Cindy Blackstock (The Globe and Mail) on the government’s obligations on child welfare: “The federal government’s failure to reform itself is a key reason why unnecessary removals and deaths of children have persisted, from residential schools to the Sixties Scoop to the present day. Courageous survivors speak up, sue the government, win and then Canada pays a settlement and apologizes but continues its egregious behaviour.”

Denise Balkissoon (The Globe and Mail) on the party leaders’ personal finances: “Campaigning is an unpaid, overtime job. It requires savings to live on, and, for parents, reliable, affordable childcare. Perhaps if more former shift-work nurses sat in the House of Commons, we’d finally have universal daycare. Instead, it’s supposedly exciting that 88 women were elected in 2015, compared with 250 men.”
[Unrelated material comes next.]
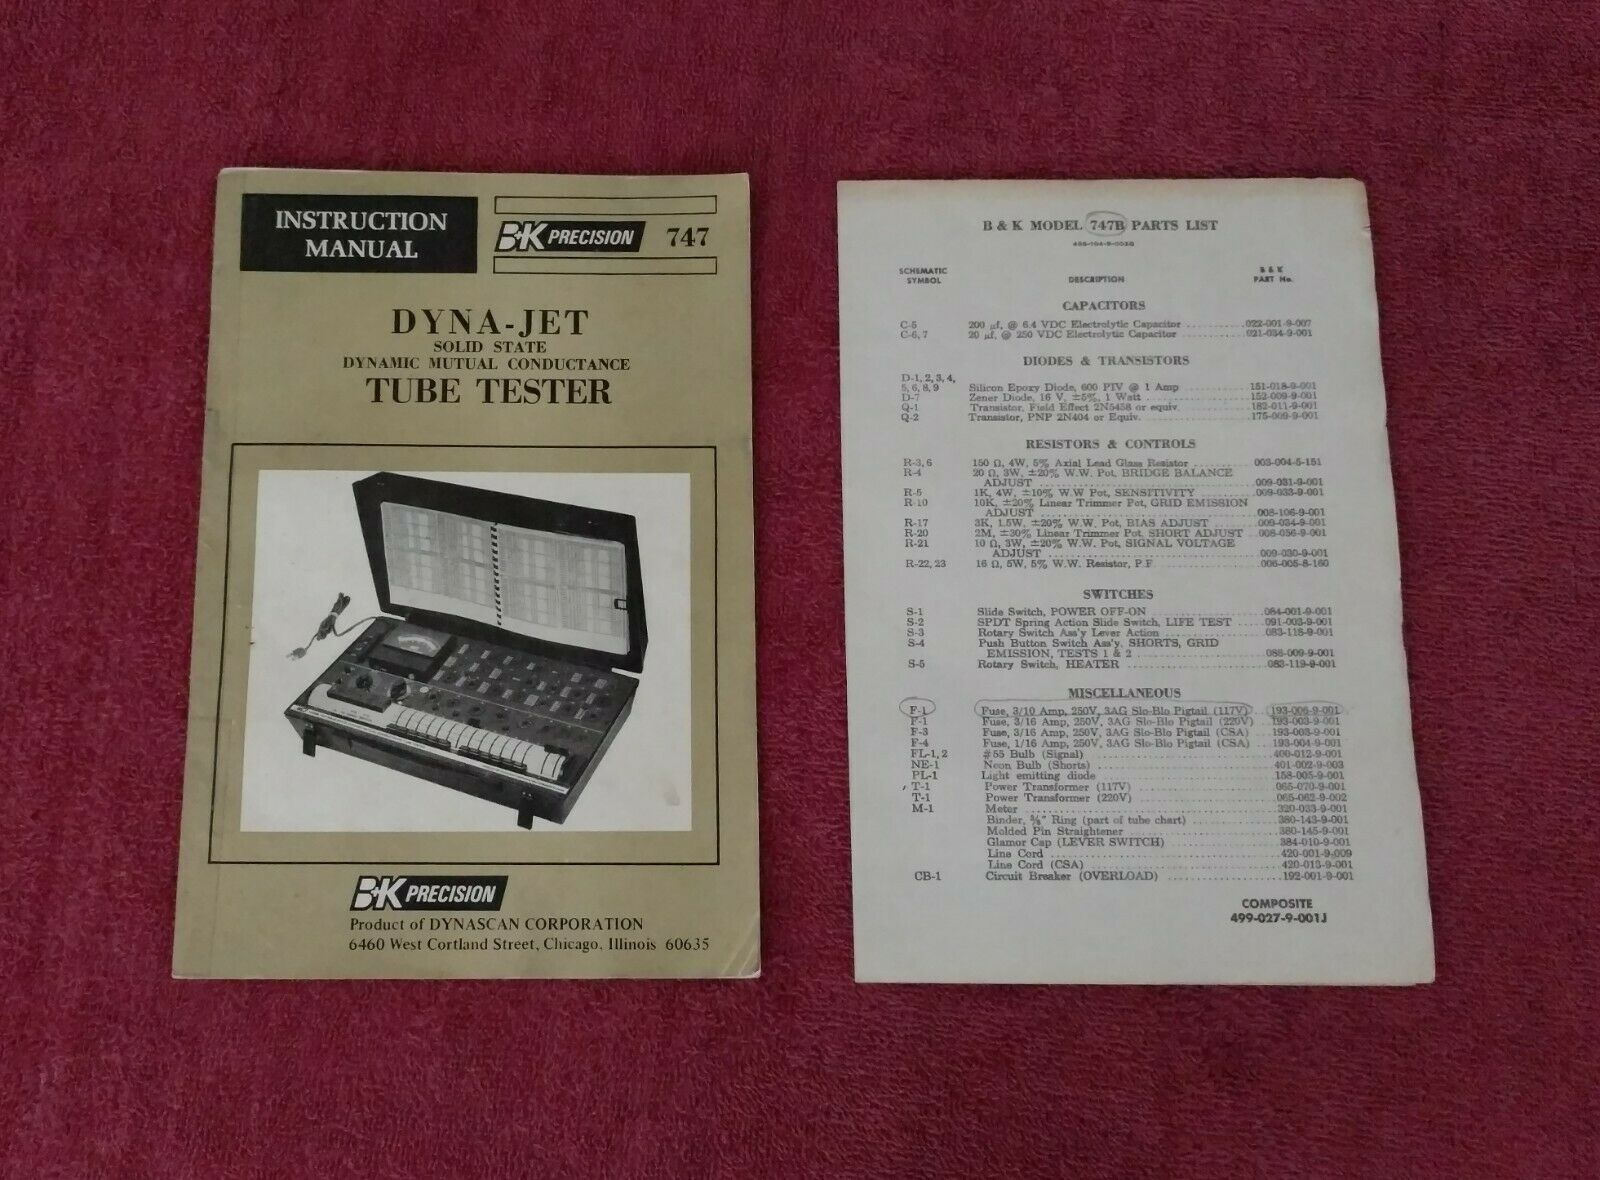 Vintage B&k 747 Tube Tester Manual With Parts List & Schematic Original

Rob Carrick (The Globe and Mail) on voters’ personal finances: “At some point in the past few years, our ideas about home ownership began to peel away from economic reality. As we got more and more enthused about home ownership, rising prices made homes more unaffordable in many cities. We claim to have sophisticated, internationally appealing cities with deservedly high real-estate prices, yet we expect the young people will march into home ownership as they did a generation ago.”

Christie Blatchford (National Post) on Mr. Trudeau and SNC-Lavalin: “Give Martin and Chrétien their due: They at least let slip the choke chains of cabinet confidence, born of a need to do the right thing (Martin) or a sublime self-confidence (Chrétien). By not going to school on those examples, and offering instead the frequent nose-stretcher of ‘unprecedented,’ Trudeau looks like he’s afraid of the truth.”

Konrad Yakabuski (The Globe and Mail) on Quebec’s religious-symbols ban: “Yet, if non-francophone voters in Quebec and Liberal supporters in the rest of Canada expect anything of Mr. Trudeau, it is that he stand up for the Charter of Rights and Freedoms. He may feel that the unwillingness of any other national leader to defy Quebec on Bill 21 spares him from committing to challenging the law now. But it is not clear the Liberal Leader will be able to maintain such a fine balancing act all the way until Oct. 21.”

Mark Abley (The Globe and Mail) on the phrase “drop the writ” and other Canadian-isms: “'Draw up’ was indeed the original verb, referring to the 338 writs, or documents – one for every seat in Parliament – that have to be crafted and then issued to actually launch an election for each individual riding. But ‘drop the writ’ is more than just ‘a debased form of the phrase,’ as Wikipedia asserts in an unusually judgmental manner. It has been used in this country through at least the past four decades, and it even makes a certain amount of intuitive, Canadian-only sense: A hockey game gets under way when the puck is dropped, not when the starting lineups are drawn up.”